Like Apple and Google, Facebook has been working on developing shortcuts for computer visions that are designed to give mobile apps augmented reality super powers.
And while Apple's ARKit and Google's ARCore use computer vision to guess the position of horizontal and vertical surfaces, Facebook researchers now claim to have prototype mechanisms that can now derive the 3D shape of an object based on the 2D image information.
If Facebook's research is as groundbreaking as it sounds, then the aforementioned Apple and Google mobile toolkits represent the basis for future AR wearables, Facebook & # 39; s breakthroughs can contribute to its own smartglass developments.
This week, Facebook research scientists Georgia Gkioxari, Shubham Tulsiani and David Novotny published their findings on four new methods of 3D image recognition, which will be presented at the International Conference on Computer Vision (ICCV) in Seoul, South Korea, which runs until November 2.
Two of those methods involve identifying 3D objects from 2D images. Building on the Mask R-CNN model for segmenting the objects in an image (and presented at the same conference last year), Mesh R-CNN deduces the 3D shapes of those identified objects, while occluding, clutter and other provocatively composed compensates photos & # 39; s.
"Adding a third dimension to object detection systems that are robust against such complexities requires stronger technical capabilities and current technical frameworks have hampered progress in this area," the team wrote in a blog post.
In addition, the team has built another computer vision model that serves as an alternative to and supplement to Mesh R-CNN. The boldly named C3DPO system (Canonical 3D Pose Networks) can perform large-scale reconstruction of 3D objects with only 2D keypoints for 14 object categories, such as birds, people and cars.
"Previously, such reconstructions were primarily not feasible due to memory constraints with the previous matrix factorization-based methods that, unlike our deep network, cannot work in a & # 39; minibatch & # 39; regime.
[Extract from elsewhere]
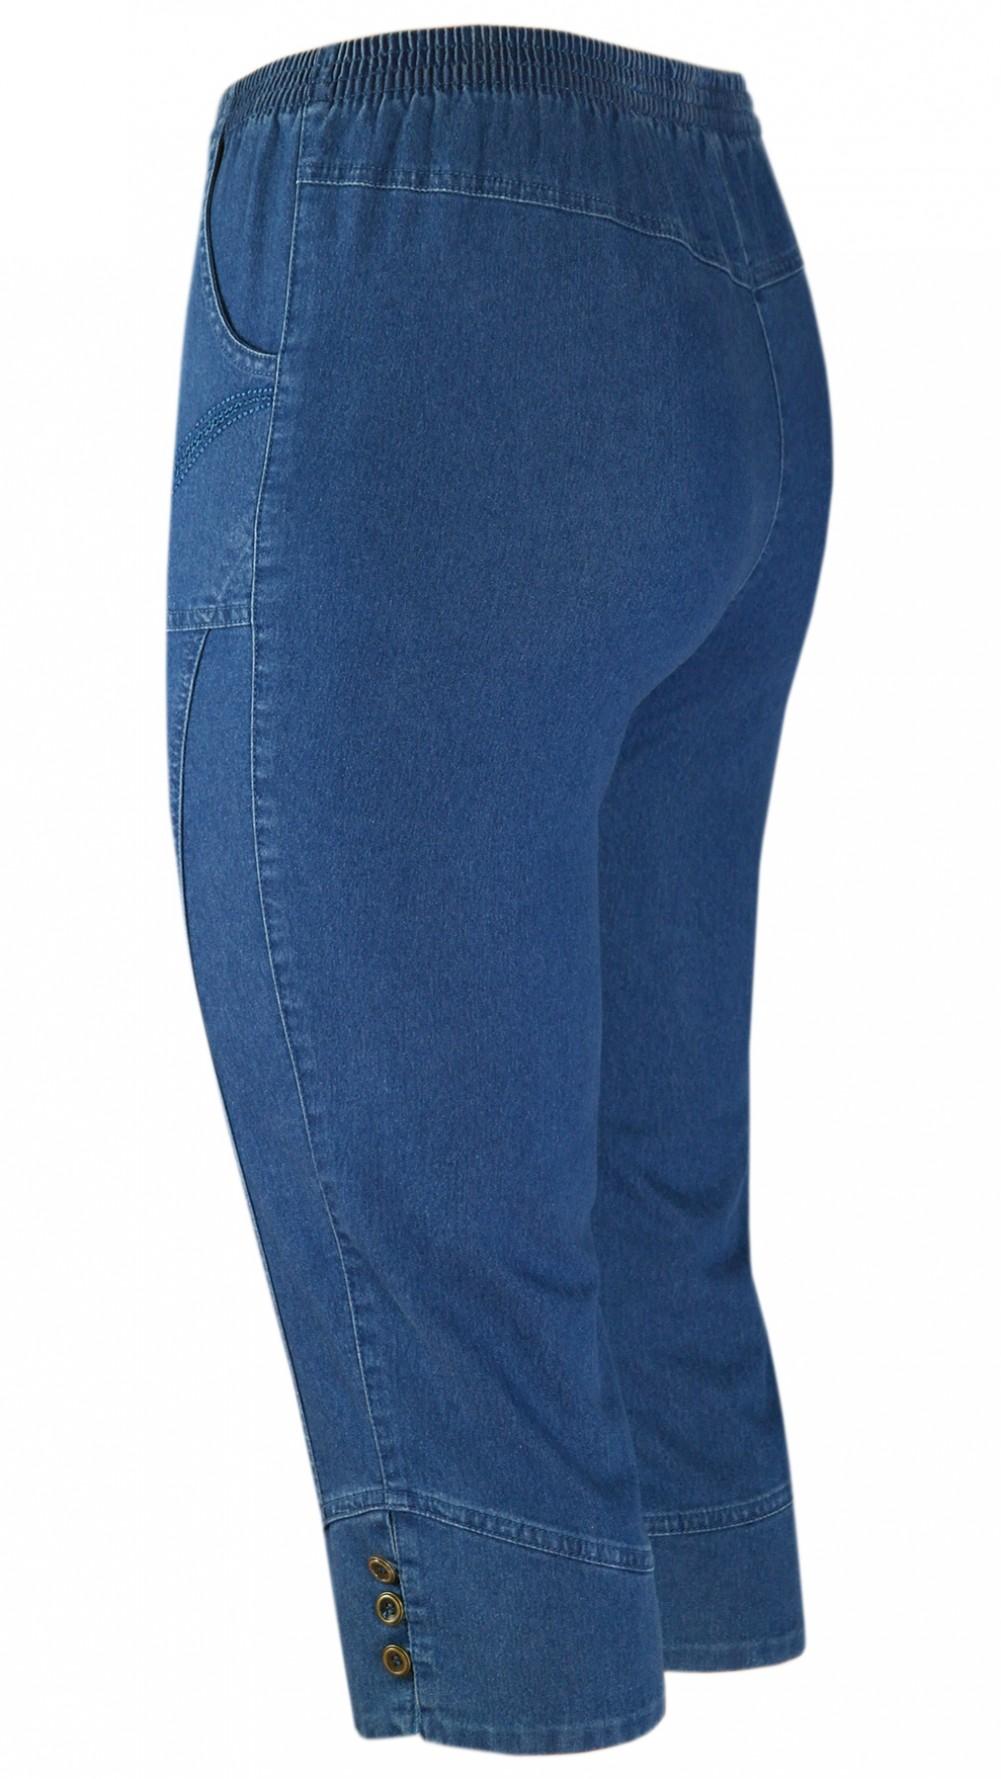 Damen Capri Stretch-Jeans Caprihose Schlupfhose - Blue

Previous methods have "We are talking about modeling distortions by using multiple simultaneous images and making similarities between immediate 3D reconstructions that require hardware that is usually found in special laboratories," the team wrote. "The efficiency introduced by C3DPO makes it possible to enable 3D reconstruction in cases where the use of hardware for 3D recording is not feasible, such as with large-scale objects such as aircraft."
The team also built a system for canonical surface mapping, which takes generic image collections and maps them in 3D forms. This helps computer vision applications to better understand common properties between different objects in an AR scene.
"For example, if we train a system to get to know the right place to sit on a chair or grab a mug, our view may be useful the next time the system needs to understand where to sit on another chair or how to grab another mug, "wrote the team. "Such tasks can not only help deepen our understanding of traditional 2D images and video content, but also improve AR / VR experiences by transferring representations of objects."
Finally, VoteNet is an experimental 3D object detection network that can accurately understand a 3D point cloud using only geometric information in location of color images.
"VoteNet has a simple design, compact model size and high efficiency, with a speed of about 100 milliseconds for a full scene and a smaller memory footprint than previous methods designed for research," the team claims. "Our algorithm takes 3D point clouds from depth cameras & returns 3D-bound boxes of objects with their semantic classes."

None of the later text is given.